Monday, June 30, 2014

Iraq is the mistake that won't go away

Iraq is the foreign policy disaster that won't go away. Eight years after President George W. Bush set the United States on a campaign to reform the Middle East by toppling a cruel and ruthless dictator, Iraq is in many ways worse off than it was under Saddam Hussein and before more than 4,000 Americans and tens of thousands of Iraqis died in the unending warfare the 2003 invasion touched off.

President Obama, who had opposed the war from the beginning and was eager to get U.S. troops out of the country, now has decided to send U.S. troops — advisers only — back into Iraq in a last-ditch effort to halt the spread of Islamic extremism. The Islamic State of Iraq and Syria has taken control of a large swath of Iraq and parts of Syria. ISIS leaders have proclaimed a new country, the beginning on an Islamic caliphate, and they have imposed a totalitarianism whose cruelty rivals Saddam's.

Thomas Ricks' book on the first phase of the Iraq War was titled "Fiasco," perhaps the most appropriate title in nonfiction history. The invasion of Iraq has been called the worst foreign policy blunder in American history. The invasion was based on several assumptions, all of which proved to be wrong: (1) Al-Qaida had a base in Iraq; (2) Iraq had "weapons of mass destruction"; (3) Iraqis would welcome American troops with open arms and flowers; (4) establishment of a democratic Iraq would transform the Middle East.

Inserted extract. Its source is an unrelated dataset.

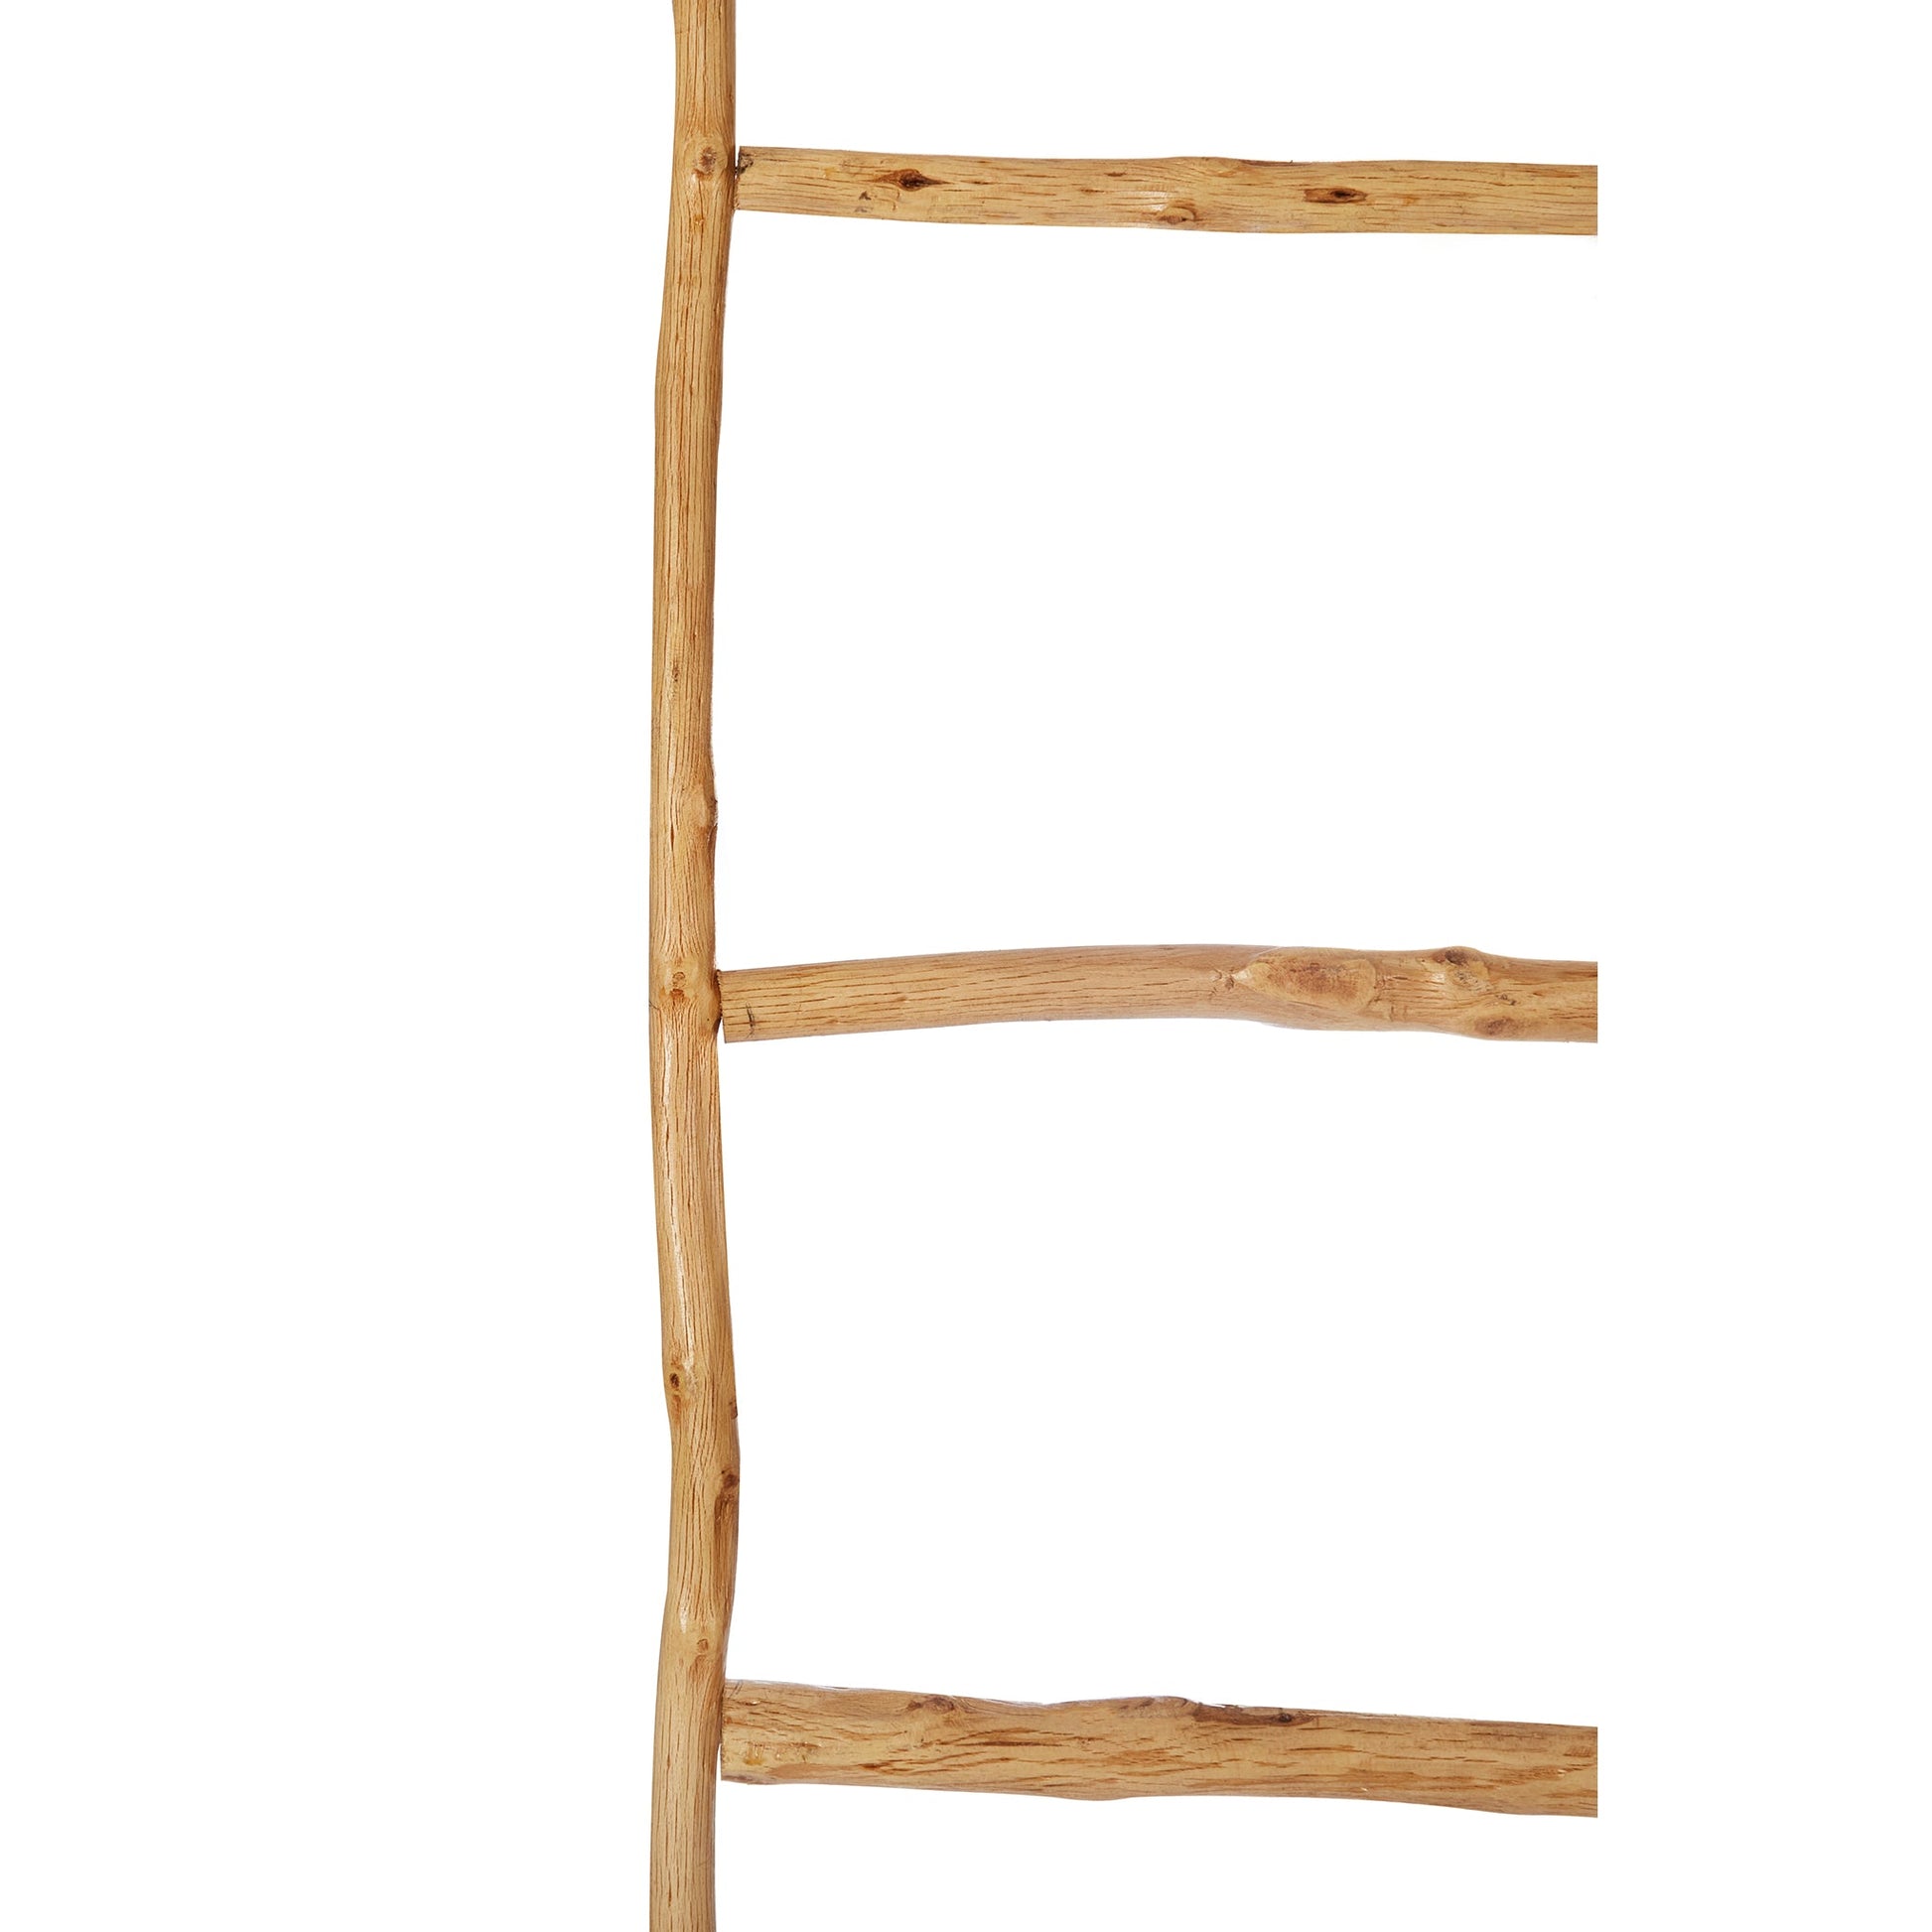 Ladder - Bohowoodland

As bad as Saddam was, he had kept a lid on sectarian violence. Removing him and his entire governmental structure, including police, security and military, unleashed the Sunni vs. Shia violence that nearly tore the country apart in 2006. Sectarian violence is at work again as Sunni-dominated ISIS attempts to wrest control of the country from the Shia-dominated government in Baghdad.

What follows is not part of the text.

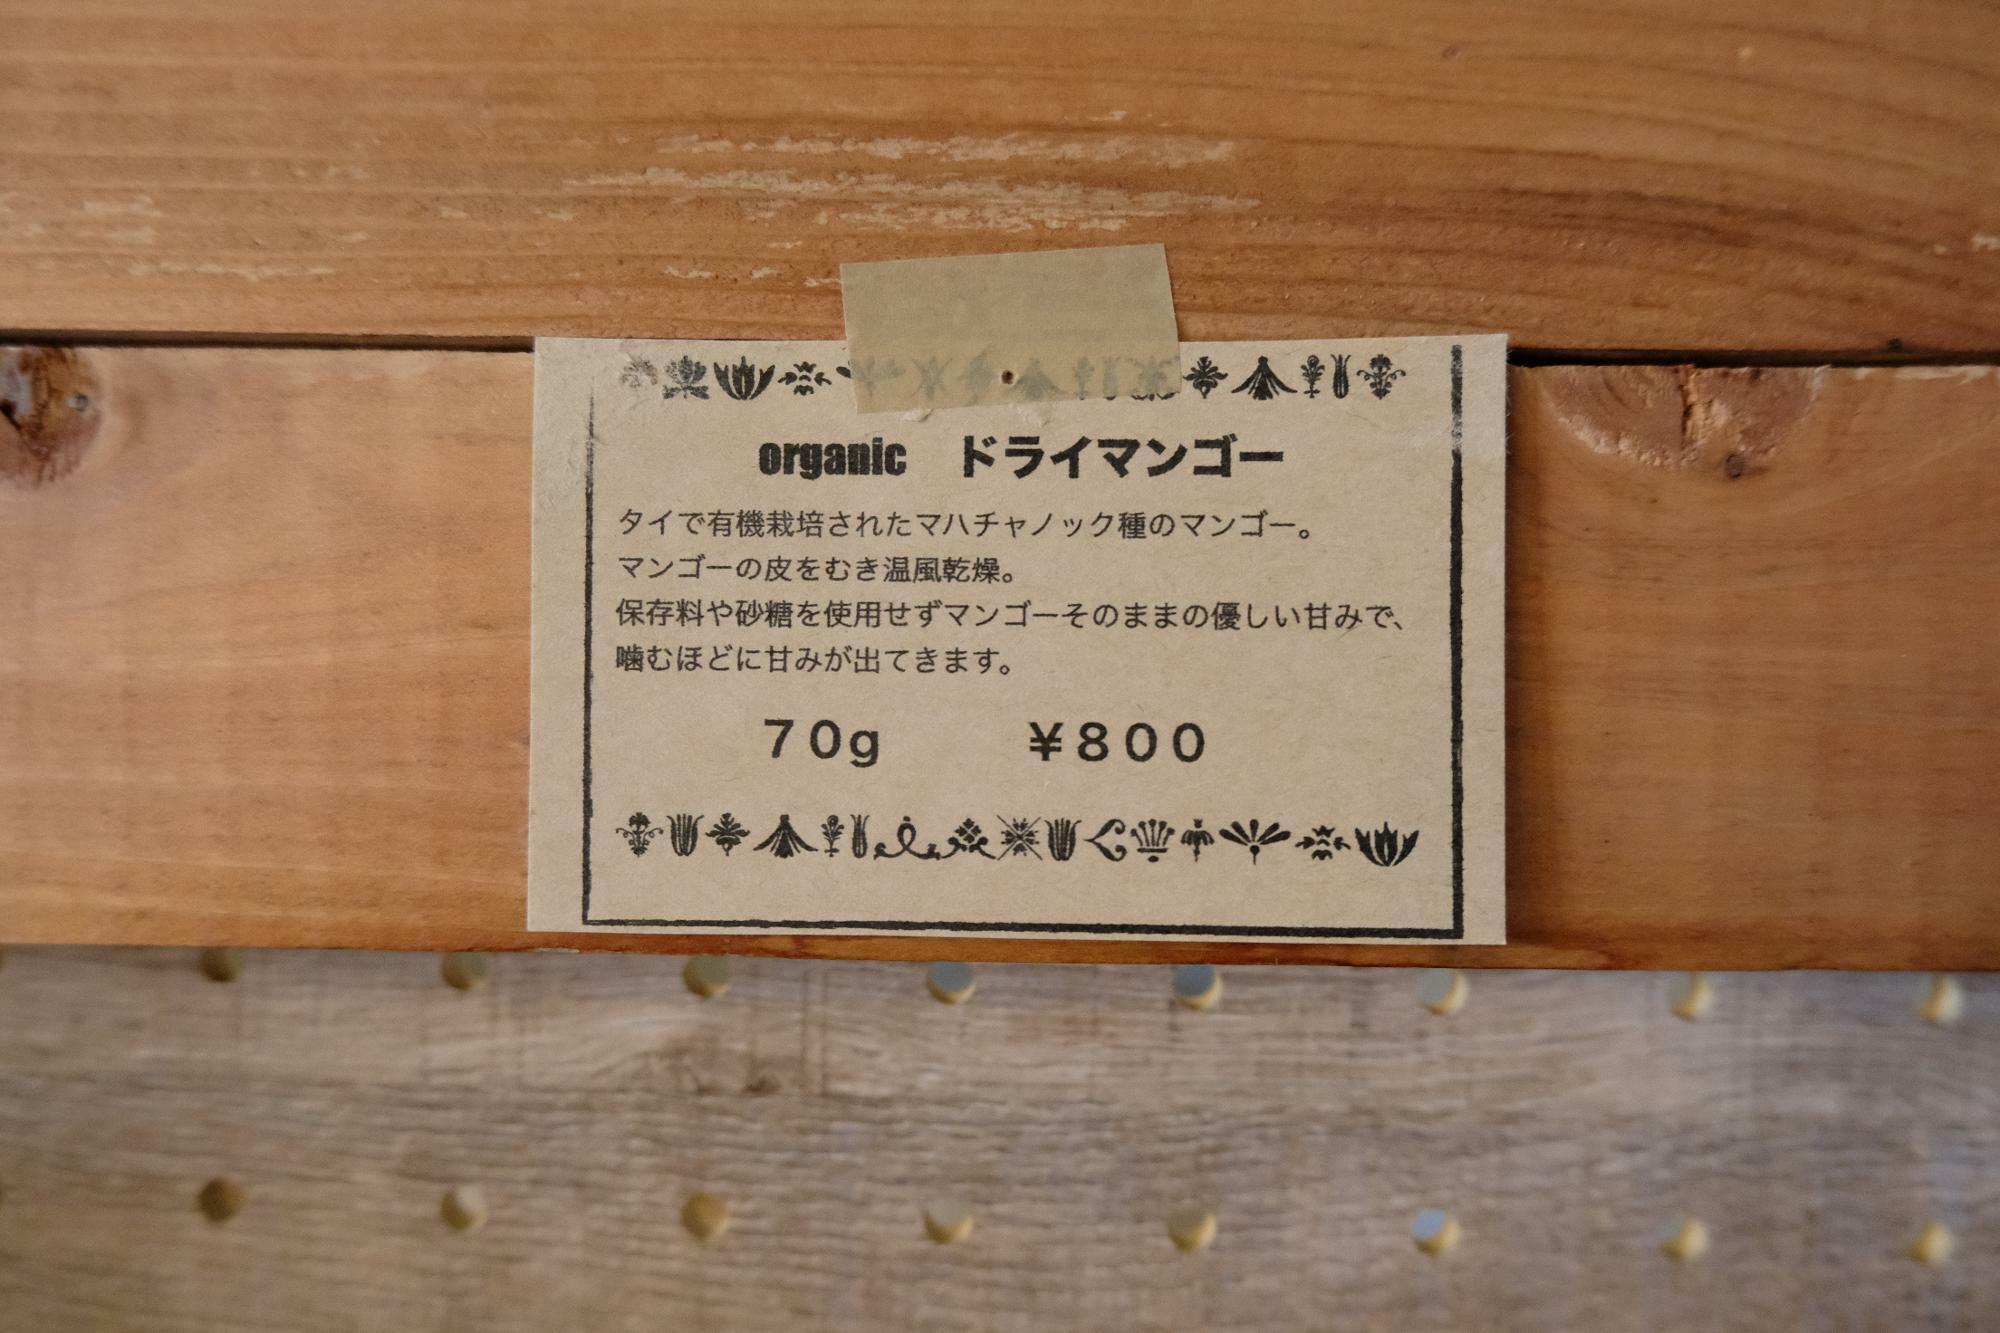 「オーガニック ドライマンゴー」70g 800円(税込)

President Obama, who wanted no part of the Iraq War, has to re-examine his own actions. His eagerness to leave Iraq behind and his hesitancy to involve America in the Syrian civil war may have contributed to the rise of ISIS and the failures of the Iraqi government.

George W. Bush started this hubris-filled fiasco, but Barack Obama seems unable to find a way to stop it.